EXERCISE DESCRIPTION ->
Please output exactly the part of the records below that opens with the line containing "Matrices de aleación" and closes with the line containing "تنظيف بالرياض شركة", both lines included, and nothing else.

DATA SUPPLIED ->
########################################

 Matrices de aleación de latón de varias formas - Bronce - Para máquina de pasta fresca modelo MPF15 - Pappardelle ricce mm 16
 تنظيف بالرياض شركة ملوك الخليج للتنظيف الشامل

########################################

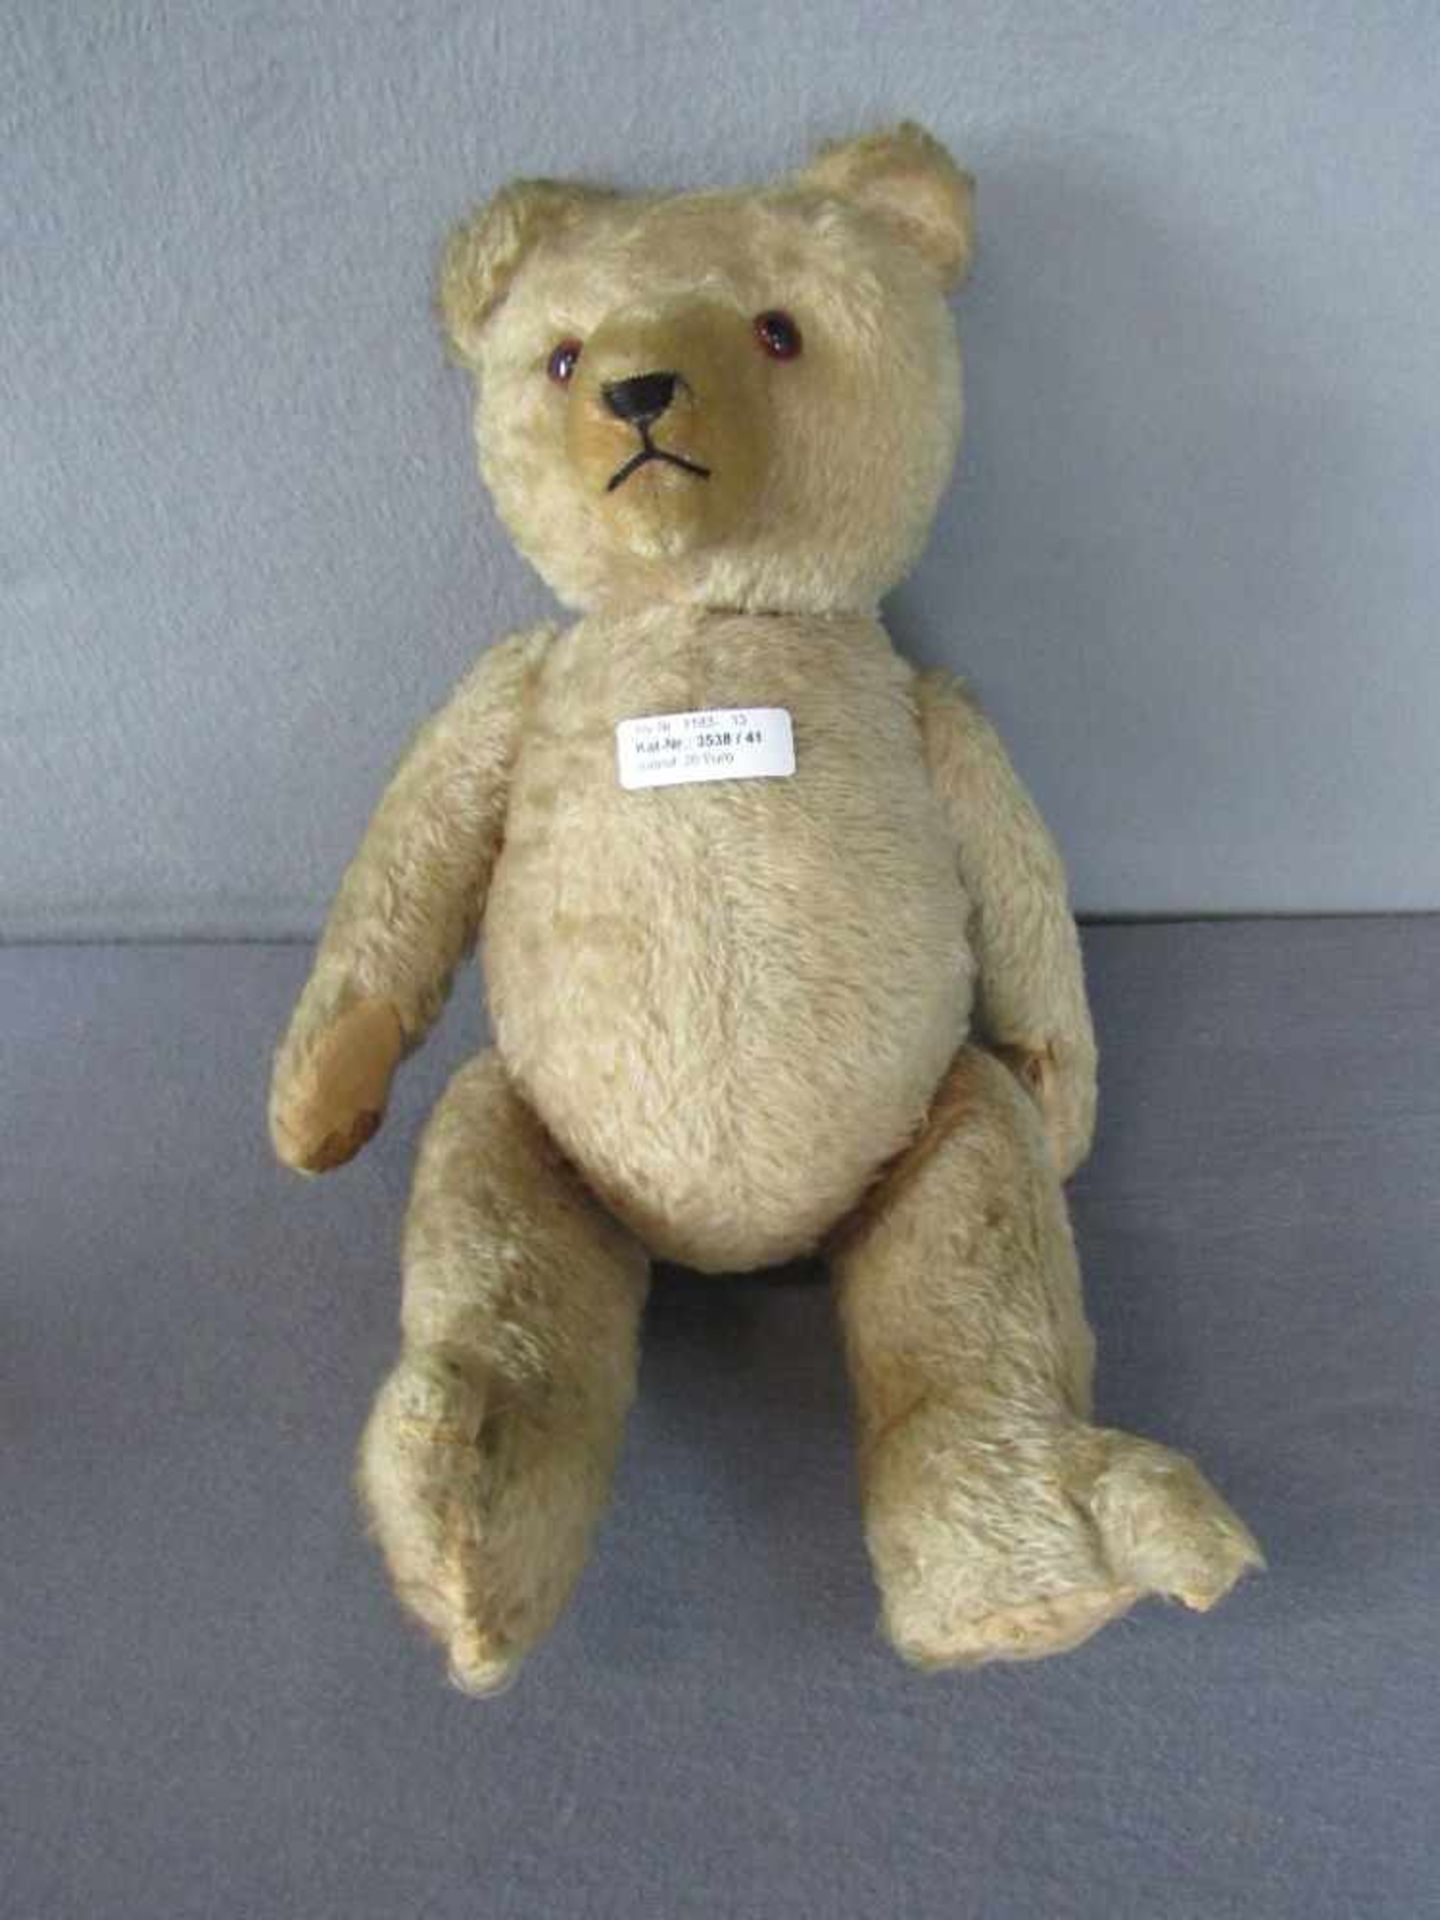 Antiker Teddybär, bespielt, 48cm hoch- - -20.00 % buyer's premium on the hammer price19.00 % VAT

########################################

WRITTEN SOLUTION ->
 Matrices de aleación de latón de varias formas - Bronce - Para máquina de pasta fresca modelo MPF15 - Pappardelle ricce mm 16
 تنظيف بالرياض شركة ملوك الخليج للتنظيف الشامل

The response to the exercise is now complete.